UPDATE: updated the timestamps in the example data table. sorry for the confusion.
UPDATE: I don't care much if the solution is a single sql query, using store procedure, subquery etc. I only care how to get it done :)
Upvotes: 2
Views: 724
Reputation: 39393
PostgreSQL 8.4 will have a windowing function, by then we can eliminate creating temporary table just to simulate rownumbers (sequence purposes)
create table visit
(
visitor_id int not null,
visit_time timestamp not null
);
insert into visit(visitor_id, visit_time)
values
(1, '2009-01-06 08:45:02'),
(2, '2009-02-06 08:58:11'),
(1, '2009-01-06 08:58:11'),
(1, '2009-01-06 09:08:23'),
(1, '2009-01-06 21:55:23'),
(2, '2009-02-06 08:59:11'),
(2, '2009-02-07 00:01:00'),
(1, '2009-01-06 22:03:35');
create temp table temp_visit(visitor_id int not null, sequence serial not null, visit_time timestamp not null);
insert into temp_visit(visitor_id, visit_time) select visitor_id, visit_time from visit order by visitor_id, visit_time;
select
reference.visitor_id, count(nullif(reference.visit_time - prev.visit_time < interval '1 hour',false))
from temp_visit reference
left join temp_visit prev
on prev.visitor_id = reference.visitor_id and prev.sequence = reference.sequence - 1
group by reference.visitor_id;
Upvotes: 1
Reputation: 13761
There is no way to do this in a single SQL statment.
Below are 2 ideas: one uses a loop to count visits, the other changes the way the visiting
table is populated.
However, it can be done without too much trouble with a loop.
(I have tried to get the postgresql syntax correct, but I'm no expert)

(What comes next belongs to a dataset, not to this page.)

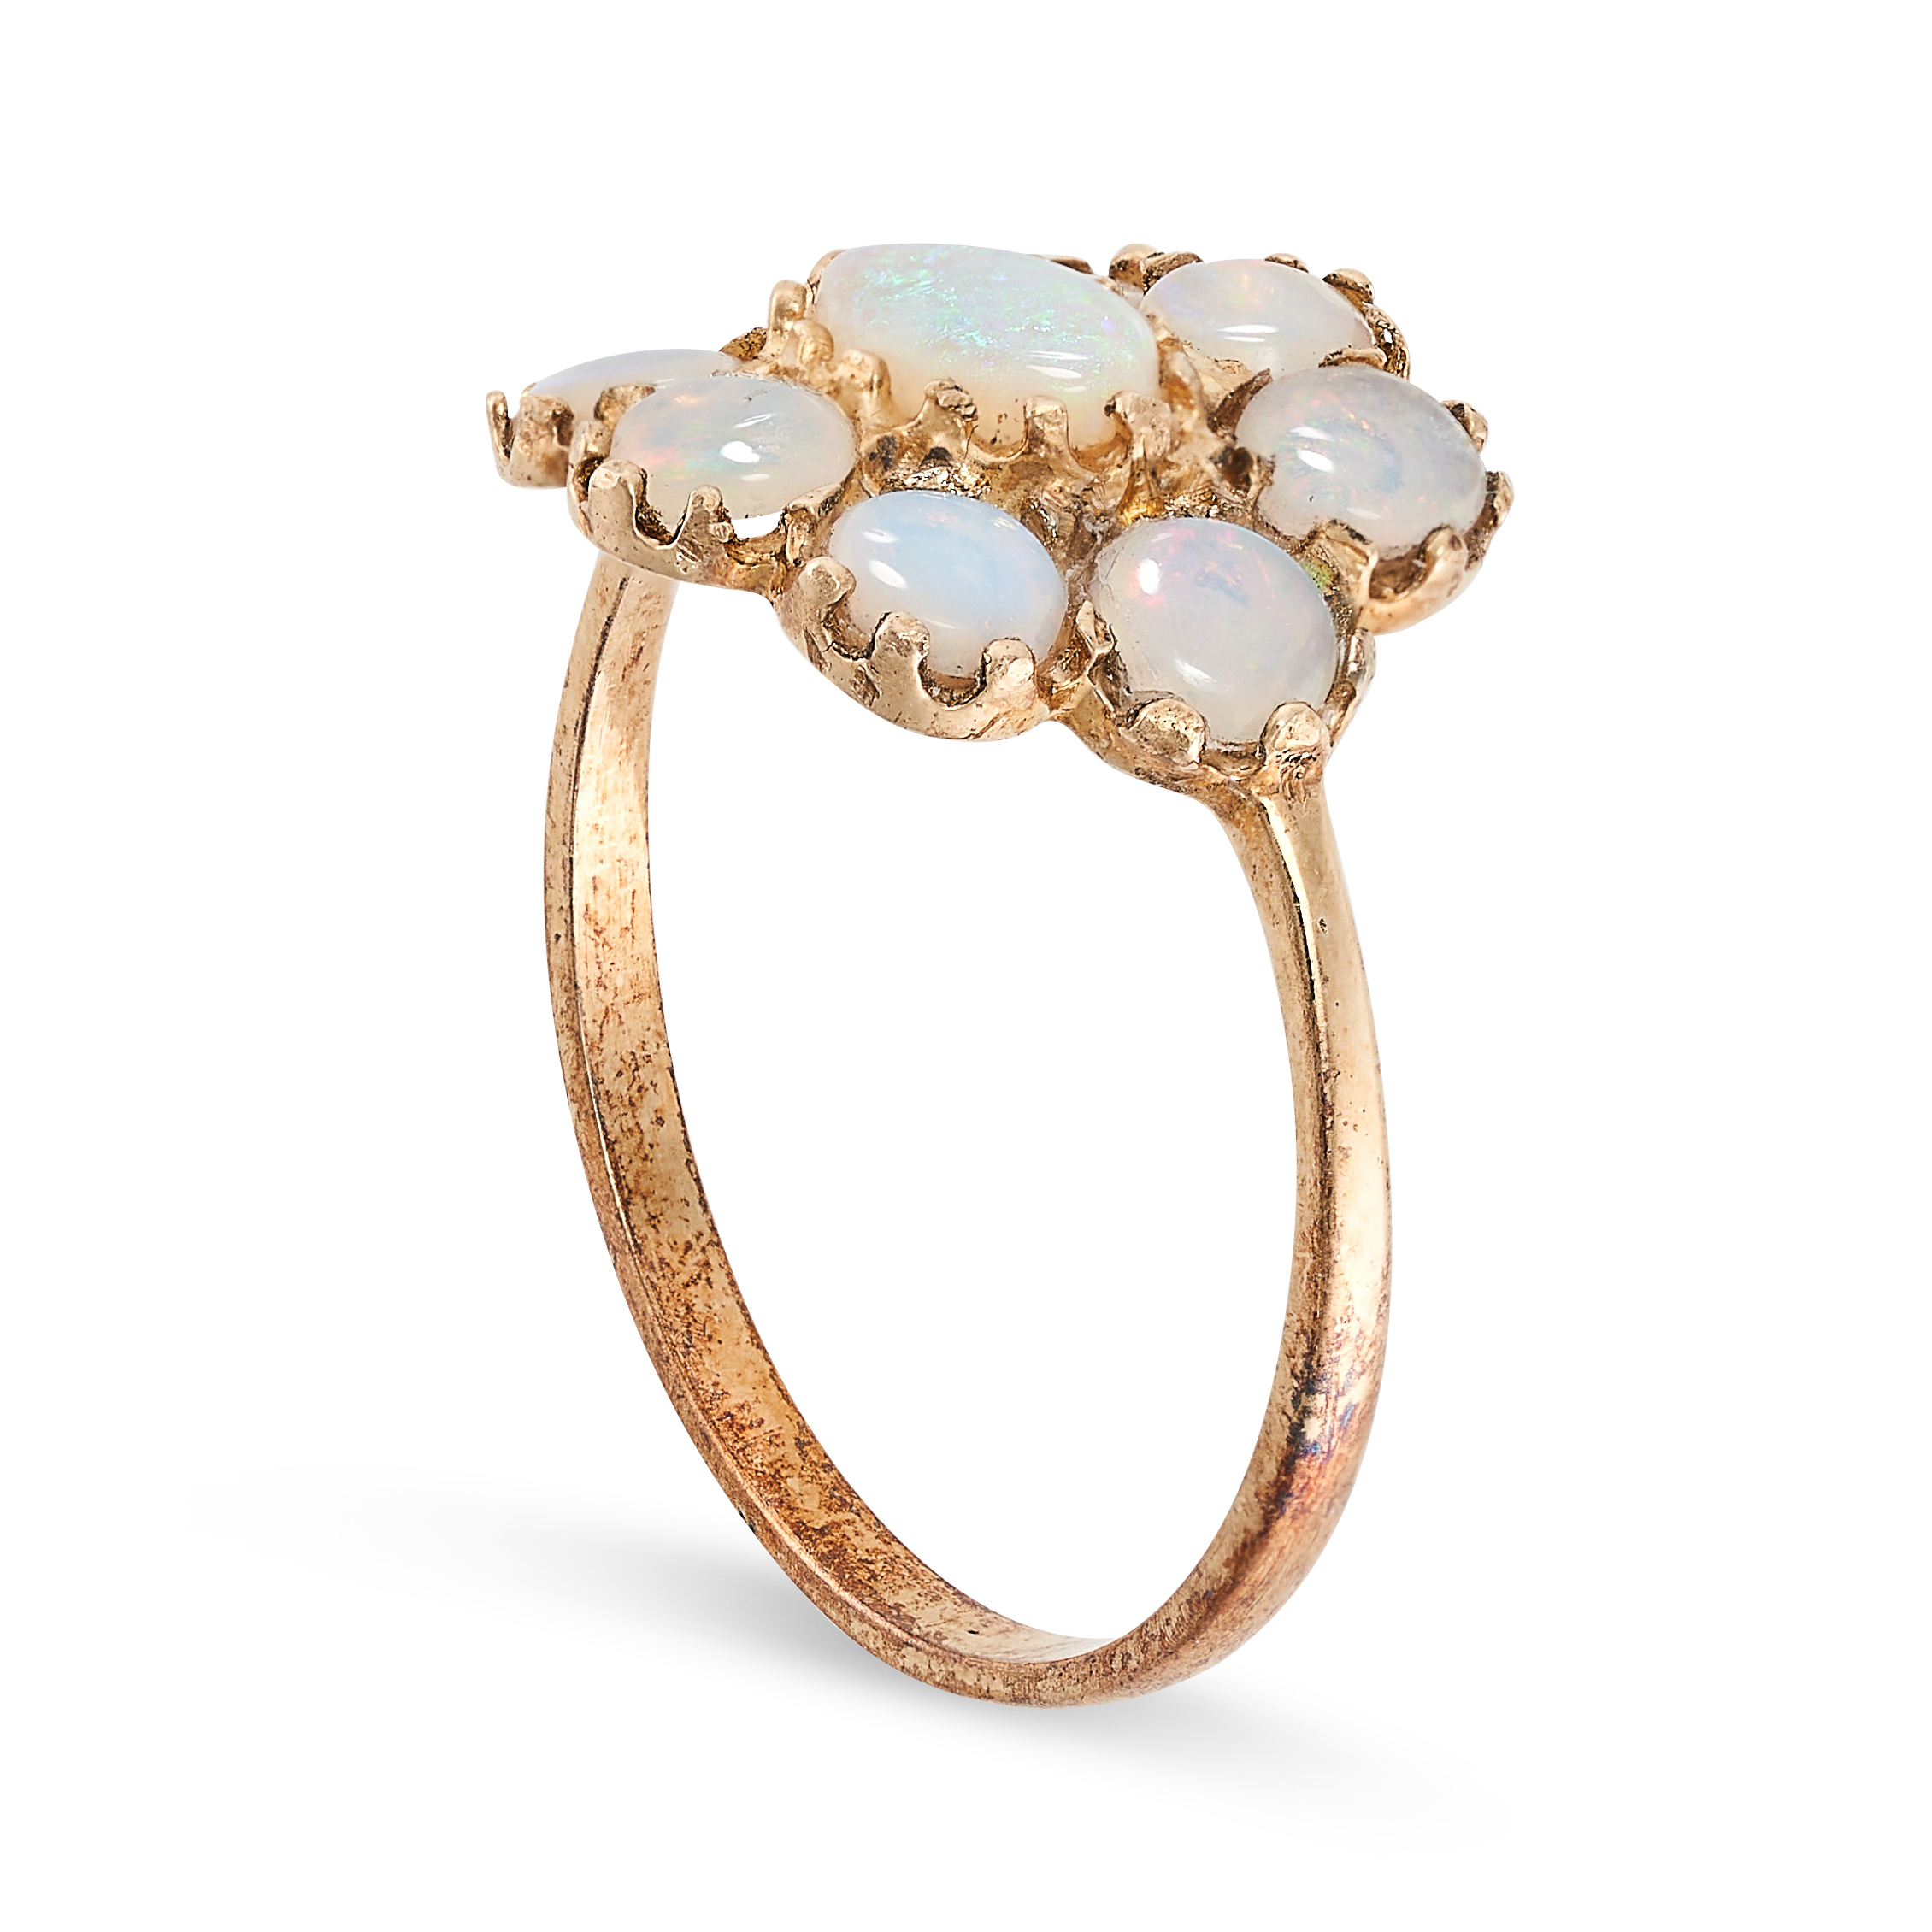 AN OPAL RING in 9ct yellow gold, set with a cluster of cabochon opals, full British hallmarks, - Image 2 of 2

/* find entries where there is no previous entry for */
/* the same visitor within the previous hour: */
select v1.* , 0 visits
into temp_table
from visiting v1
where not exists ( select 1
from visiting v2
where v2.visitor_id = v1.visitor_id
and v2.visit_time < v1.visit_time
and v1.visit_time - interval '1 hour' < v2.visit_time
)
select @rows = @@rowcount
while @rows > 0
begin
update temp_table
set visits = visits + 1 ,
last_time = v.visit_time
from temp_table t ,
visiting v
where t.visitor_id = v.visitor_id
and v.visit_time - interval '1 hour' < t.last_time
and not exists ( select 1
from visiting v2
where v2.visitor_id = t.visitor_id
and v2.visit_time between t.last_time and v.visit_time
)
select @rows = @@rowcount
end
/* get the result: */
select visitor_id,
visits
from temp_table
The idea here is to do this:
I suggest:
visiting
table: session_id int not null
session_id
to the same as the session id
for that earlier visit. If not, it generates a new session_id
.Then your original query can be solved by:
SELECT session_id, visitor_id, count(*)
FROM visiting
GROUP BY session_id, visitor_id
Hope this helps. If I've made mistakes (I'm sure I have), leave a comment and I'll correct it.
Upvotes: 1
Reputation: 75794
The question is slightly ambiguous because you're making the assumption or requiring that the hours are going to start at a set point, i.e. a natural query would also indicate that there's a result record of (1,2) for all the visits between the hour of 08:58 and 09:58. You would have to "tell" your query that the start times are for some determinable reason visits 1 and 4, or you'd get the natural result set:
visitor_id | count
--------------------
1 | 3
1 | 2 <- extra result starting at visit 2
1 | 1 <- extra result starting at visit 3
1 | 2
1 | 1 <- extra result starting at visit 5
That extra logic is going to be expensive and too complicated for my fragile mind this morning, somebody better than me at postgres can probably solve this.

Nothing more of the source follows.